A poco possono servire le impressioni anglo-calviniste del lavorare giorno per giorno proponendo variazioni in pagina. Ancora meno – lo si dice rispettosamente – quelle feudo-baronali del «se trovi un buon direttore o caporedattore tienitelo stretto». Vero, dal basso si può cambiare o contribuire a farlo. Altrettanto vero, la costruzione fortemente verticistica delle redazioni italiane non ha una cura immediata, palingenetica. Ma dobbiamo trovare una via d’uscita per chi fa informazione visiva e per l’intero comparto industriale perché, nel caso si sia rimosso il dato, si trova e ci troviamo in una stretta drammatica, fra crisi economica e nuovi media non ancora compresi e governati.
Chi scrive è convinto – al pari del vangelo sndiano – che l’aspetto di un giornale sia già informazione. Che un aspetto conservatore può trasmettere autorevolezza, che un aspetto à la Independent dell’ultimo biennio può attrarre più giovani e donne. Ma chi scrive, soprattutto, è convinto di una cosa: il design, il layout, la veste grafica – lo si chiami come si preferisce e così i professionisti che concorrono a crearlo – servono a veicolare idee e ad attrarre lettori. In poche parole, a vendere di più.

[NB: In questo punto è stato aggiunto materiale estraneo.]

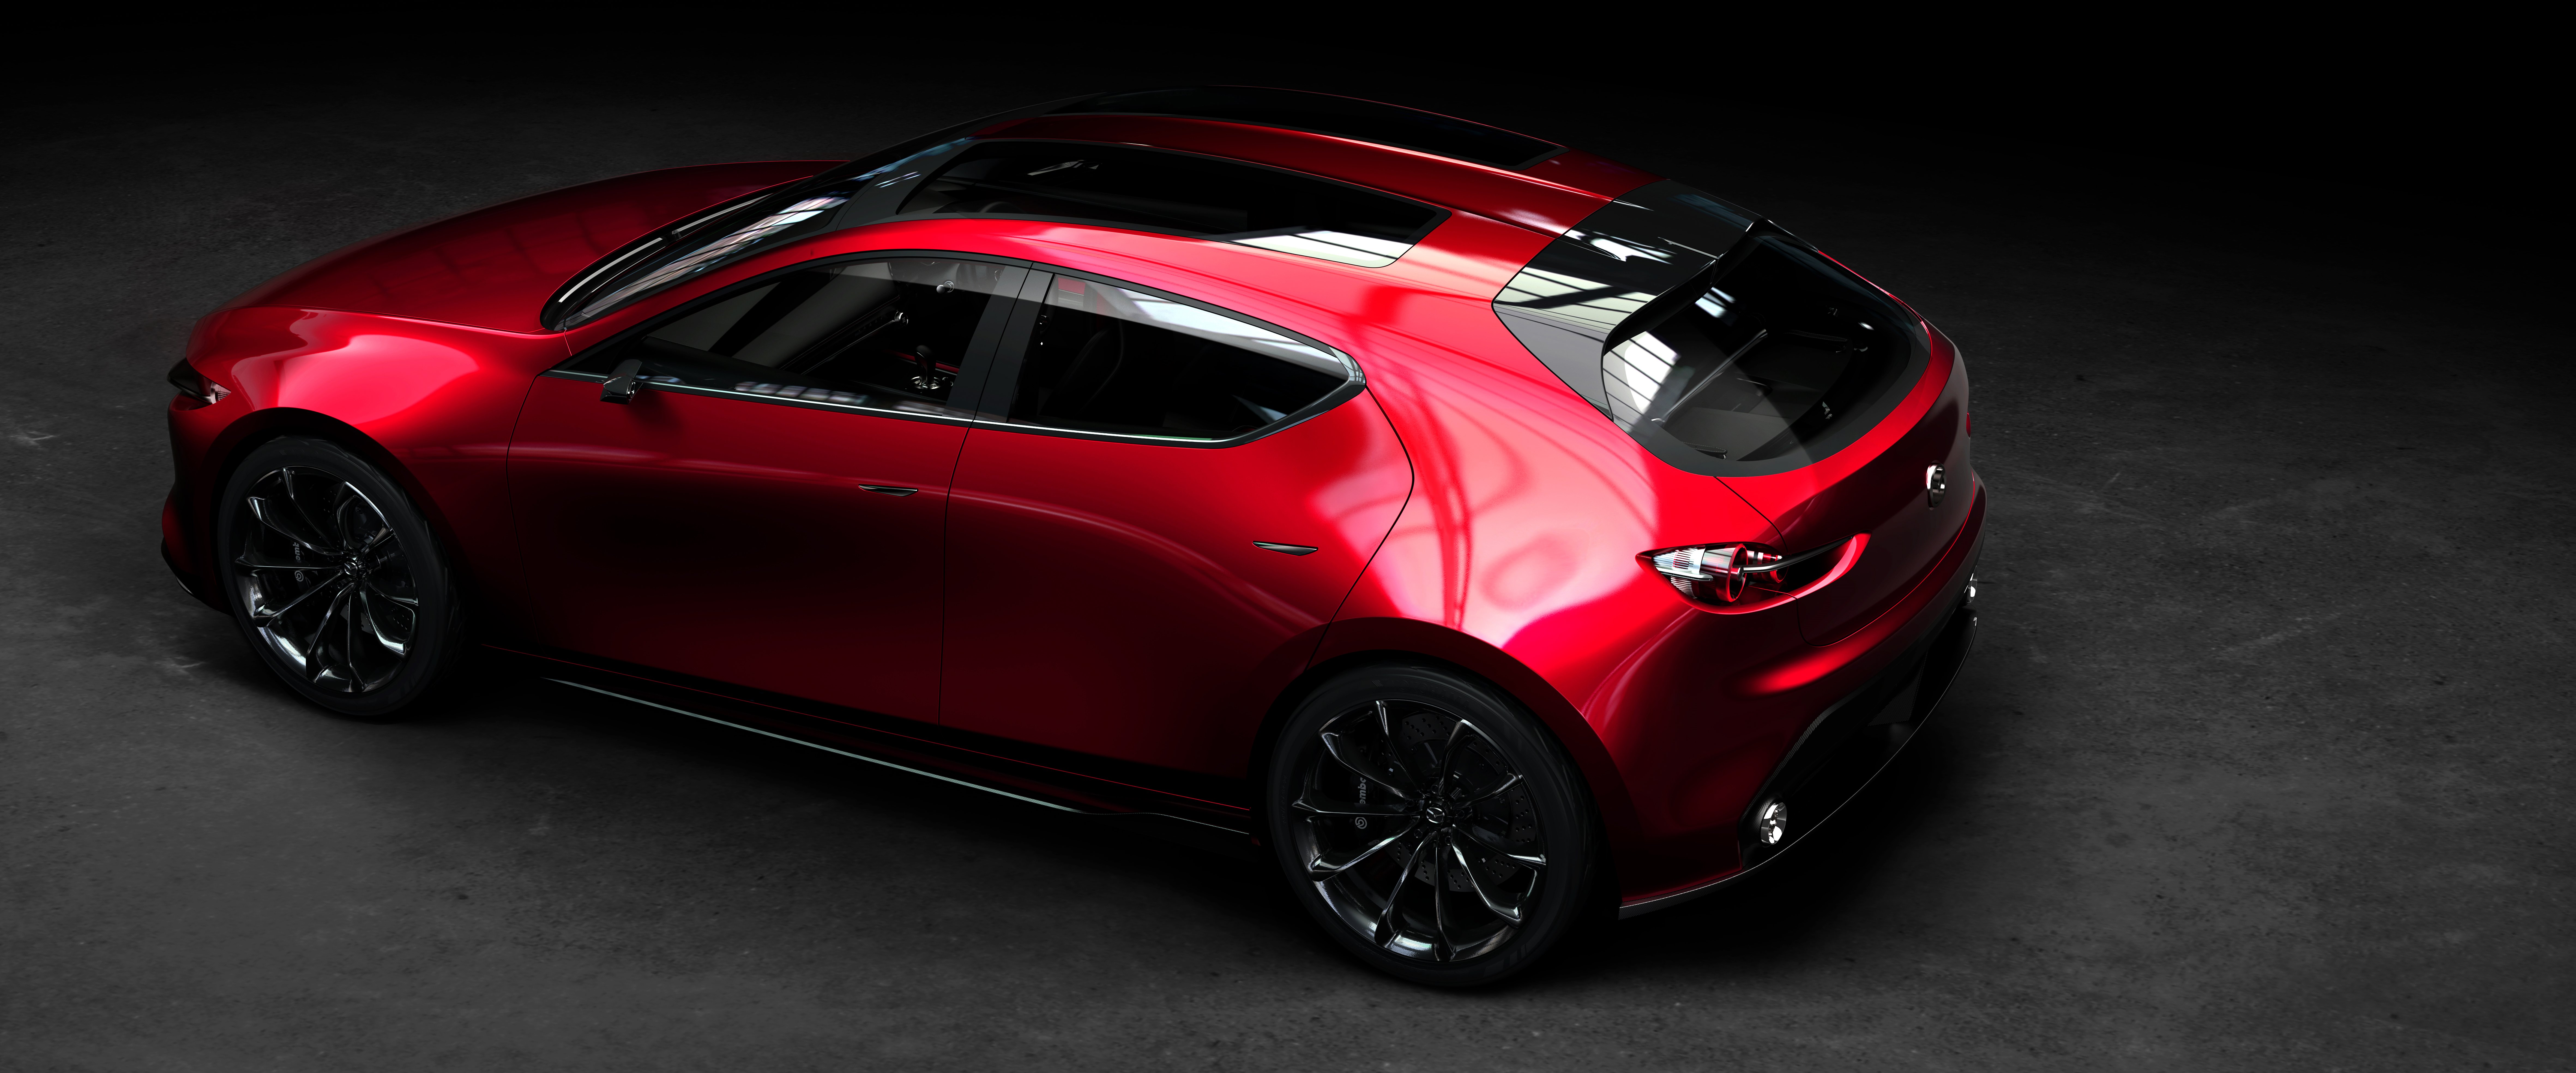 Mazda Mazda3 Hatchback best restyling

Questa è la domanda che rimane – che è rimasta – sulle labbra mie e di altri felici partecipanti al seminario: in quale modo, anche attraverso la SND italiana, spiegheremo a editori e giornalisti che non siamo imbrattatèle ma partner nella costruzione di una informazione migliore e più efficace? Perché a questo – e lo aspettavamo da anni, e siamo felici, eccitati, entusiasti – deve servire l’associazione. Associamoci!
Un’ultima parola. Se trovarsi nella stessa stanza con Javier Errea, con Kris Viesselman o con Anna Thurfjell può emozionare; se guardare negli occhi Duenes e Porter – no, dico, Mark Porter: il Jonah Lomu del design editoriale – mentre ripetono come scolaretti i loro compiti a casa può non avere prezzo; mentre si gode la doppia presentazione dei gentilissimi Lana e Trujillo – l’ultimo l’ho chiamato Paco e non Francisco, neanche fosse mio cugino, e non mi ha preso a pugni – meritano una menzione speciale Rinaldi di Repubblica e il dinamico duo di IL composto da Walter Mariotti e Francesco Franchi. Pur nella differenza di prodotto – un quotidiano e un mensile, carta da rotativa e patinata, ogni notizia contro informazione selezionata – son venuti a consolarci: anche in Italia si può fare e, almeno in qualche caso si fa, bene. Grazie ancora.